Zgodnie z ogólną teorią względności Einsteina, w trakcie najbardziej energetycznych zderzeń we Wszechświecie dochodzi do uwalniania części energii w formie fal przemieszczających się w tkance czasoprzestrzeni z prędkością światła. Detektor LIGO jest w stanie wykryć te zniekształcenia w momencie gdy prowadzą one do zaburzenia symetrii między przejściem identycznych promieni laserowych przemieszczających się na identyczne odległości.
Detektor LIGO wygląda jak gigantyczne L, w którym każde ramie ma około 4 kilometrów długości. Naukowcy rozdzielają promień lasera na dwie części i każda z nich przemieszcza się swoim ramieniem detektora. Gdy oba promienie dobiegną do końca detektora odbijane są od zwierciadła i wracają do miejsca, z którego zostały wyemitowane.

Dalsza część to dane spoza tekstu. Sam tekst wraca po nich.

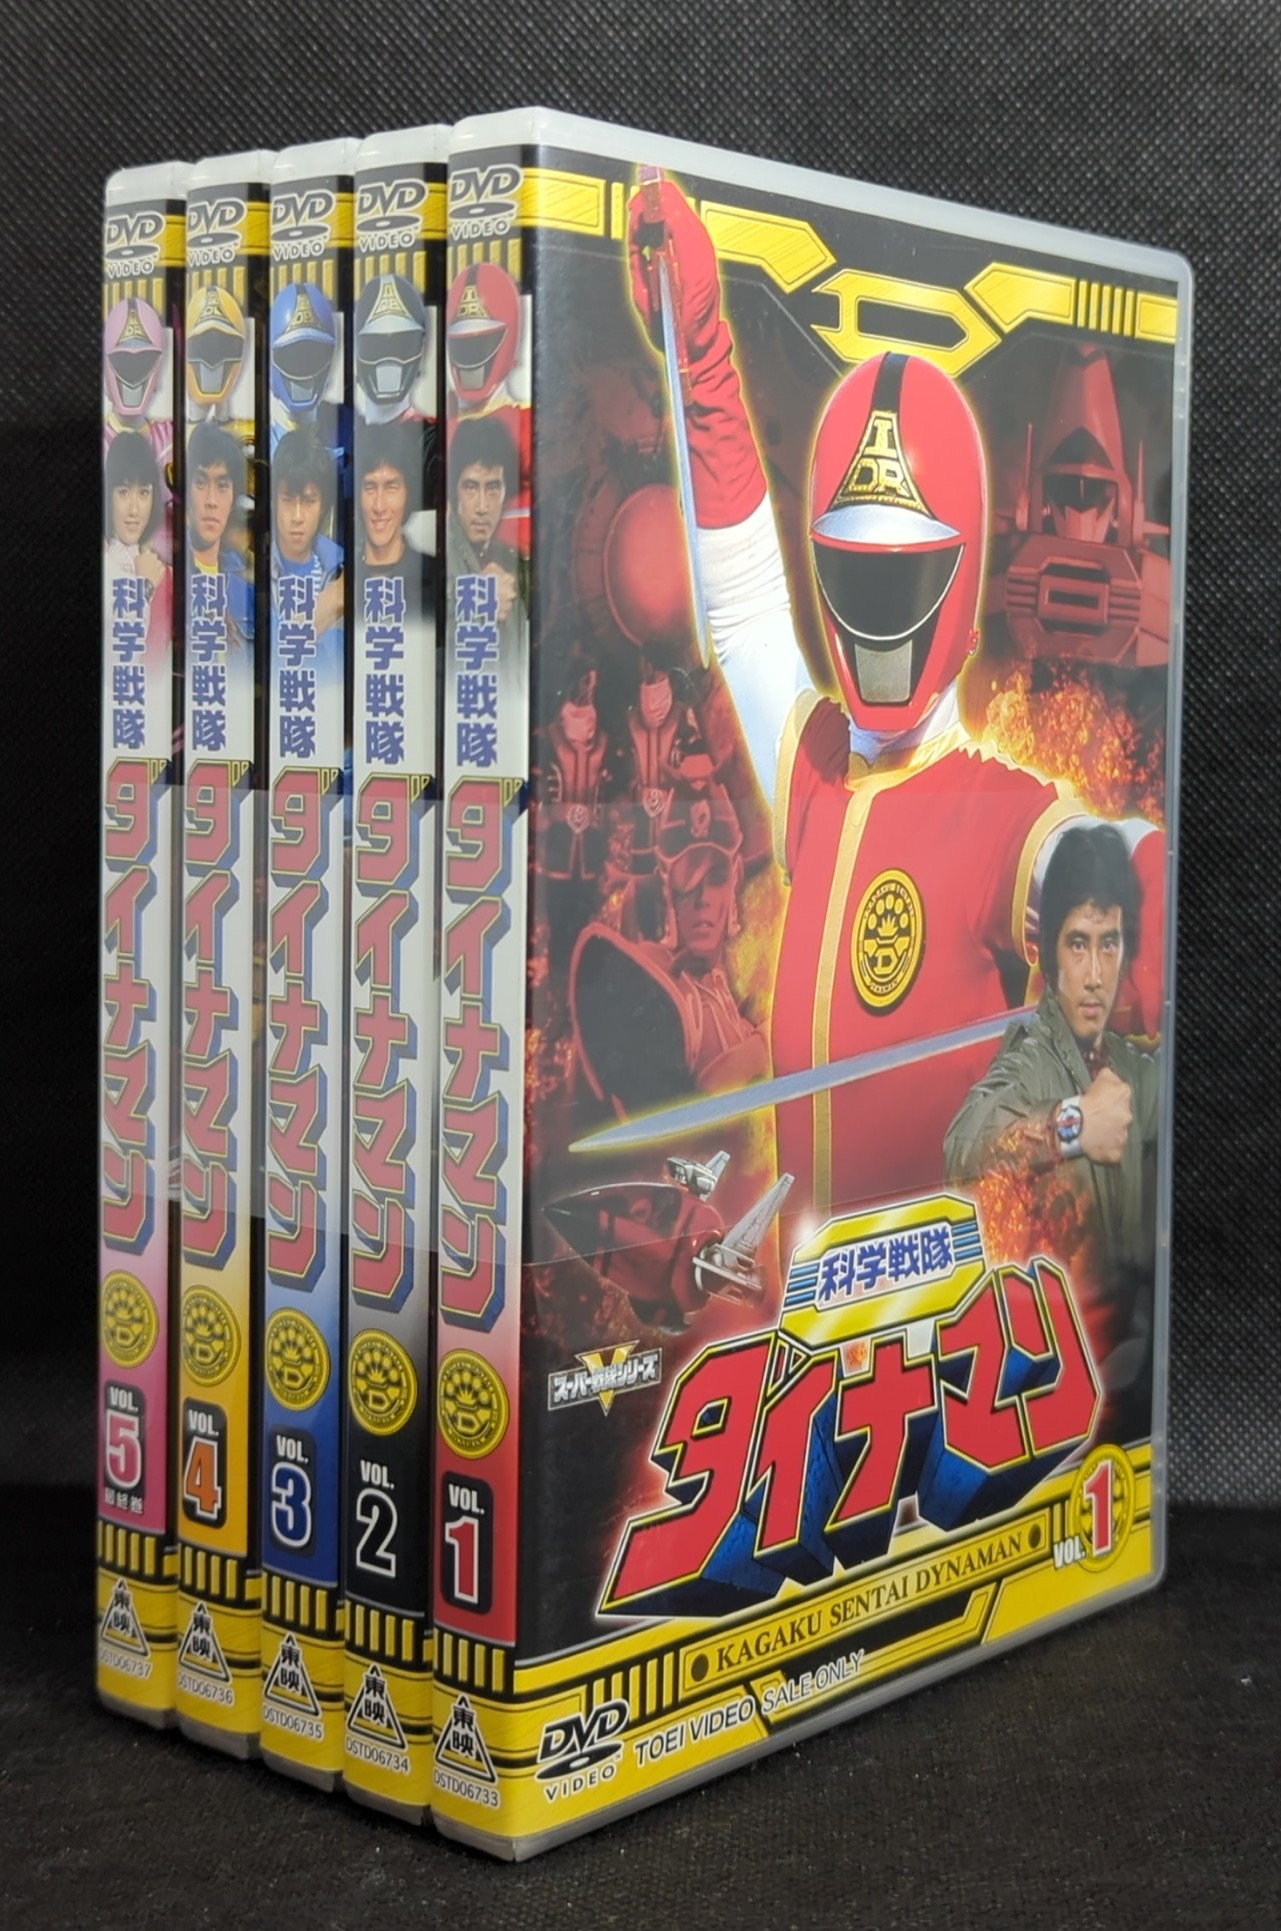 全ての DVD 科学戦隊ダイナマン 全5巻セット 販売用 セル版 日本映画

Zazwyczaj dwie połówki promienia powracają dokładnie w tym samym czasie. Gdy jednak przestają się ze sobą zgrywać – naukowcy wiedzą, że coś się dzieje. Fale grawitacyjne skracają czasoprzestrzeń w jednym kierunku i rozciągają w drugim, przez co jeden promień przemieszcza się po krótszej drodze, a drugi po dłuższej. Detektor LIGO jest na tyle czuły, że jest w stanie wykryć różnicę długości rzędu tysięcznej części średnicy jądra atomowego.
Naukowcy z LIGO oraz partnerskiego eksperymentu Virgo ogłosili pierwsze odkrycie fal grawitacyjnych w lutym 2016 roku. Fale zostały wyemitowane w momencie zderzenia dwóch czarnych dziur o masie 29 i 36 mas Słońca jakieś 1,3 miliarda lat temu. Fale grawitacyjne z tego zdarzenia dotarły do detektora LIGO gdy naukowcy przeprowadzali jego testy inżynieryjne.
„Zanim przekonaliśmy się, że zaobserwowaliśmy zewnętrzne zderzenie, które faktycznie było falą grawitacyjną, minęły dobre dwa miesiące”, powiedział Weiss.